1. pure small cell carcinoma (oat cell carcinoma) 2. small cell carcinoma with a large cell component 3. combined (mixed) tumors.

- the clinical stage of SCLC is defined broadly by the presence of either local "limited" or distant "disseminated" disease. limited SCLC - presenting with bulky locoregional disease but no evidence for distant metastatic disease - the primary tumor is large and associated with bulky mediastinal adenopathy, which may lead to obstruction of the superior vena cava.

disseminated - presents with metastatic disease throughout the patient's body. - Regardless of the stage of presentation, treatment is primarily chemotherapy and radiation. - Surgery is appropriate for the rare patient with an incidentally discovered peripheral nodule that is found to be SCLC. - If a stage I SCLC is identified after resection, postoperative chemotherapy usually is given.

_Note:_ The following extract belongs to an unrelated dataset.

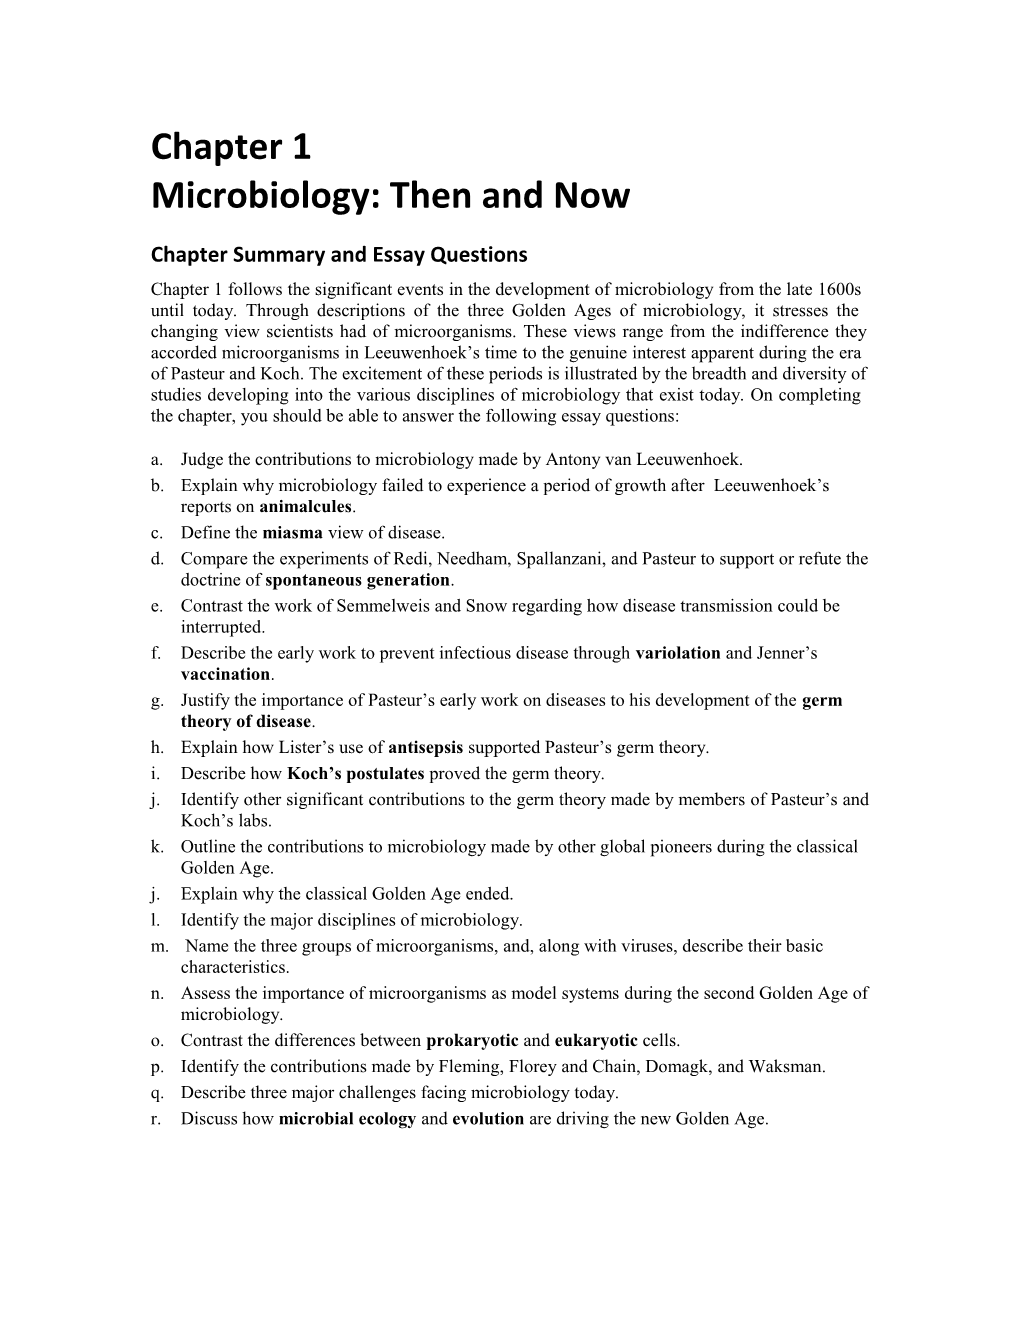 Microbiology: Then and Now

Metastatic Lesions to the Lung


Features suggestive of metastatic disease are: - multiplicity - smooth, round borders on CT scan -temporal proximity to the original primary lesion One must always entertain the possibility that a single new lesion is a primary lung cancer.

The likelihood of a new primary lung cancer is highest in patients with a history of: - uterine carcinoma (74%) - bladder carcinoma (89%) - lung carcinoma (92%) - head and neck carcinoma (94%)
Resection of pulmonary metastases - is associated with modest survival benefits in a very select group of patients.

General Principles Governing Appropriate Selection of Patients for Pulmonary Metastasectomy


1. Primary tumor must already be controlled. 2. Patient must be able to tolerate general anesthesia, potential single-lung ventilation, and the planned pulmonary resection. 3. Metastases must be completely resectable based on computed tomographic imaging. 4. There is no evidence of extrapulmonary tumor burden. 5. Alternative superior therapy must not be available.